#### Aim of the exercise:
Write out the listing below in full and exactly, leaving out every picture.

#### Exercise data:
....

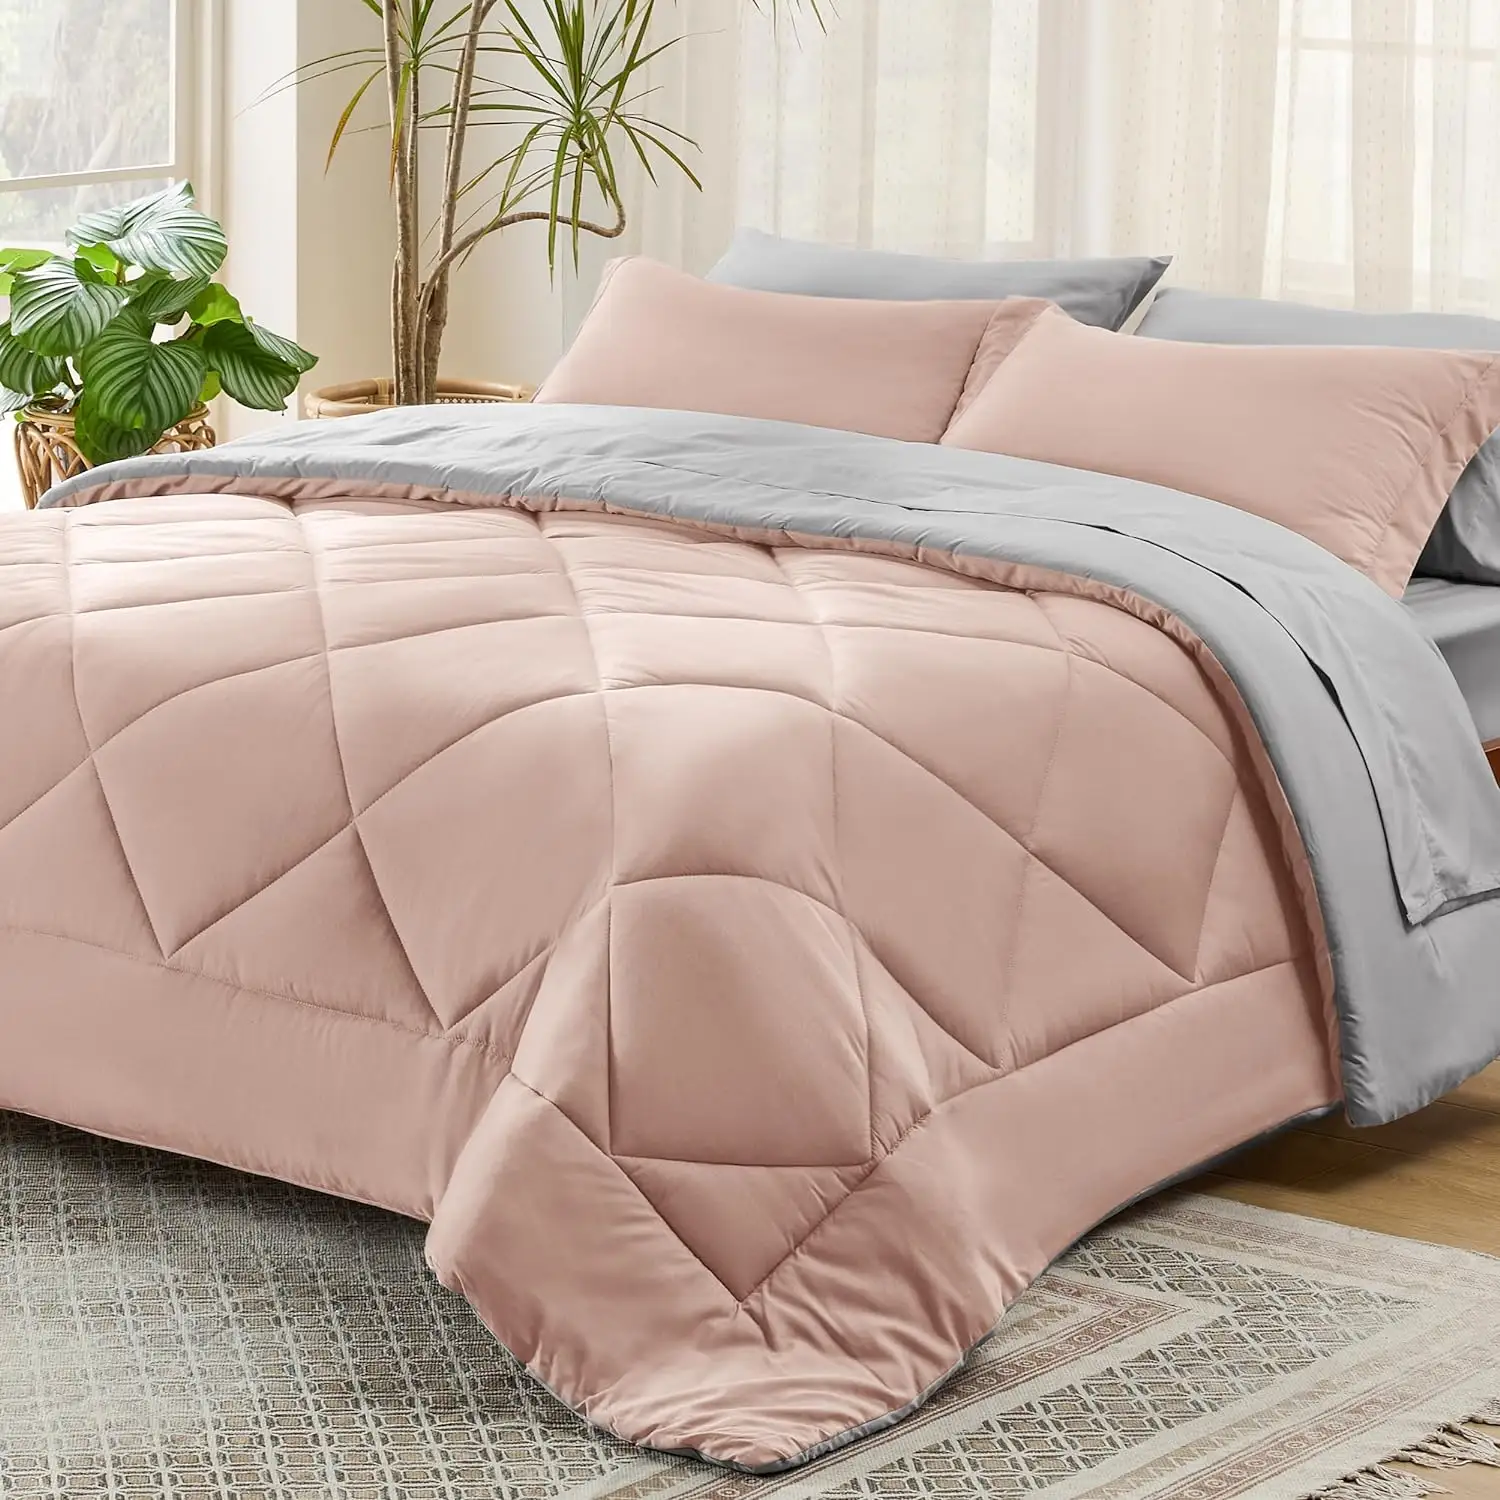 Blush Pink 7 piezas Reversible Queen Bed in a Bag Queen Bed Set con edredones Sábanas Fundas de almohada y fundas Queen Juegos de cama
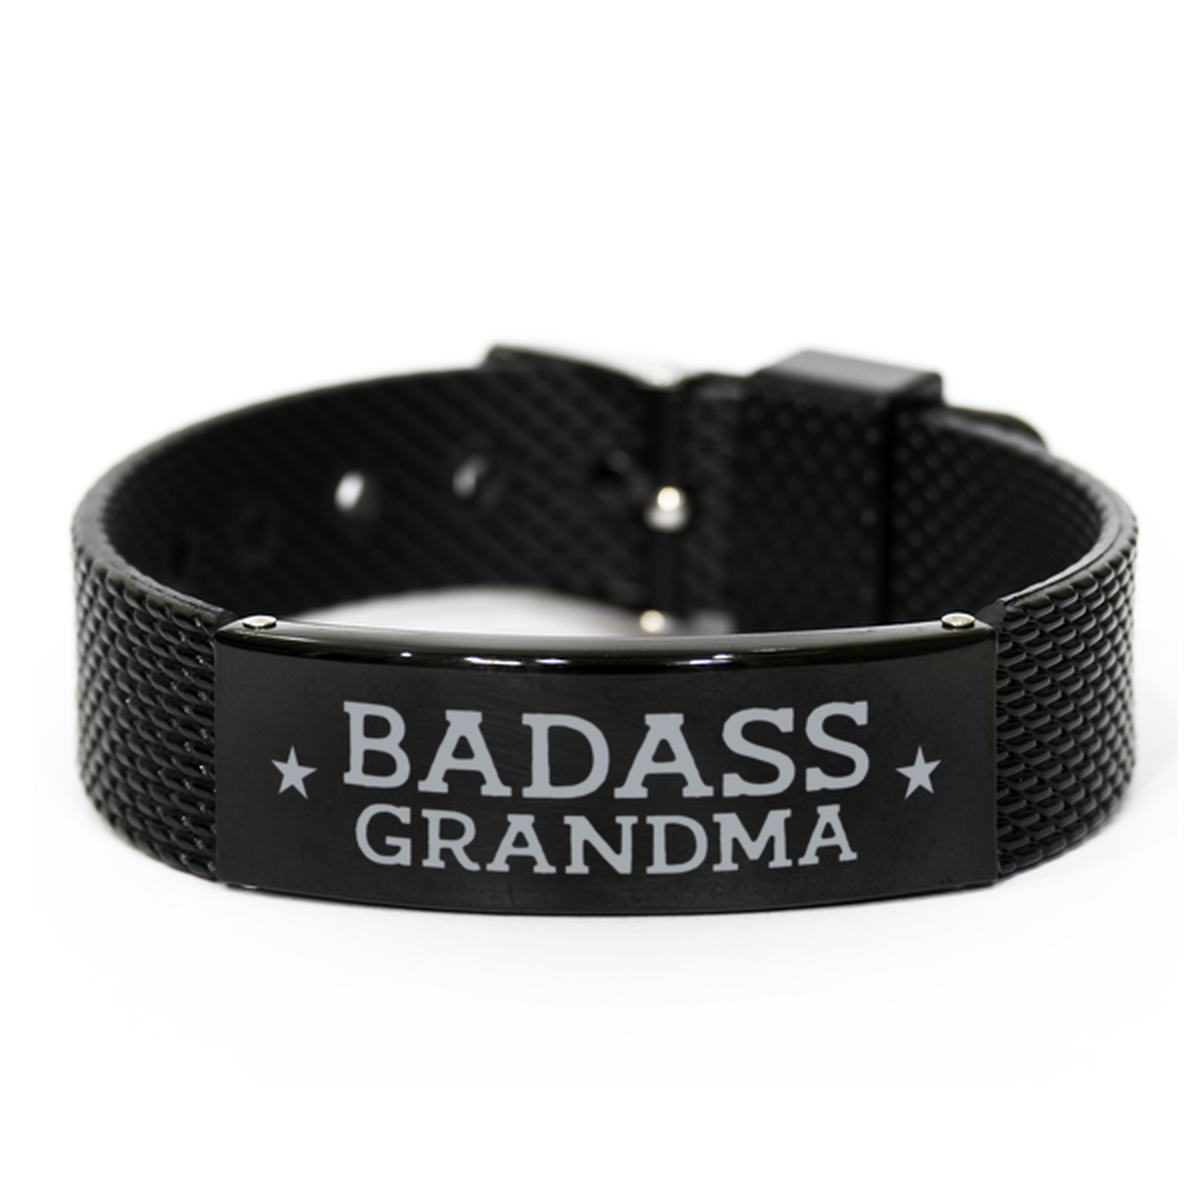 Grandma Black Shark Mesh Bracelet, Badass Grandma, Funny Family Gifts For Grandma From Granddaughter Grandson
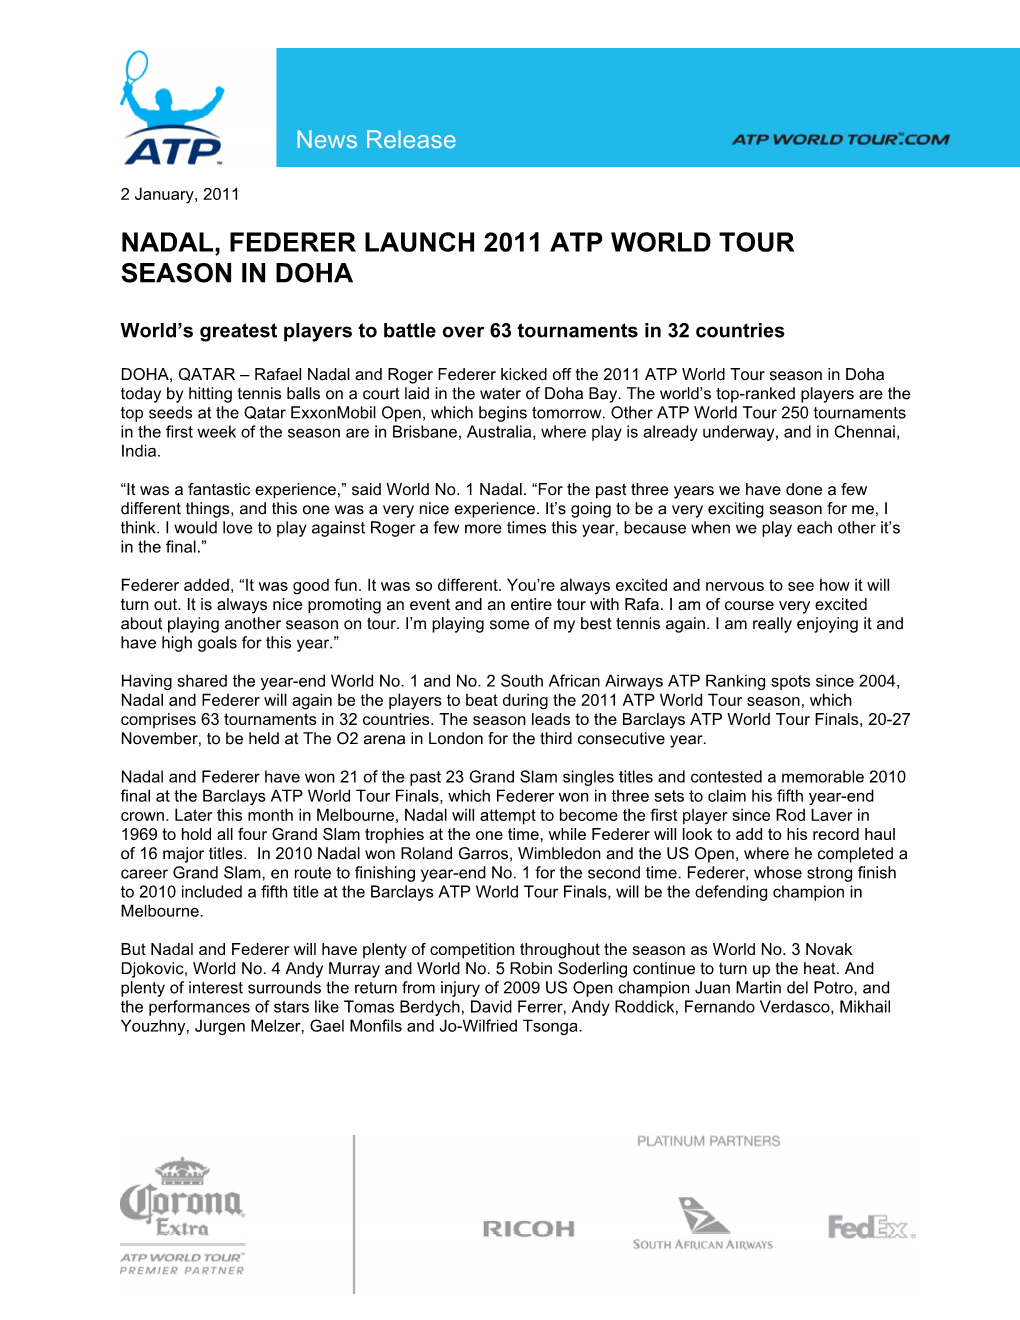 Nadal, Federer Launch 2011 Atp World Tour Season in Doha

....

#### Answer space:
 Blush Pink 7 piezas Reversible Queen Bed in a Bag Queen Bed Set con edredones Sábanas Fundas de almohada y fundas Queen Juegos de cama
 Grandma Black Shark Mesh Bracelet, Badass Grandma, Funny Family Gifts For Grandma From Granddaughter Grandson
 Nadal, Federer Launch 2011 Atp World Tour Season in Doha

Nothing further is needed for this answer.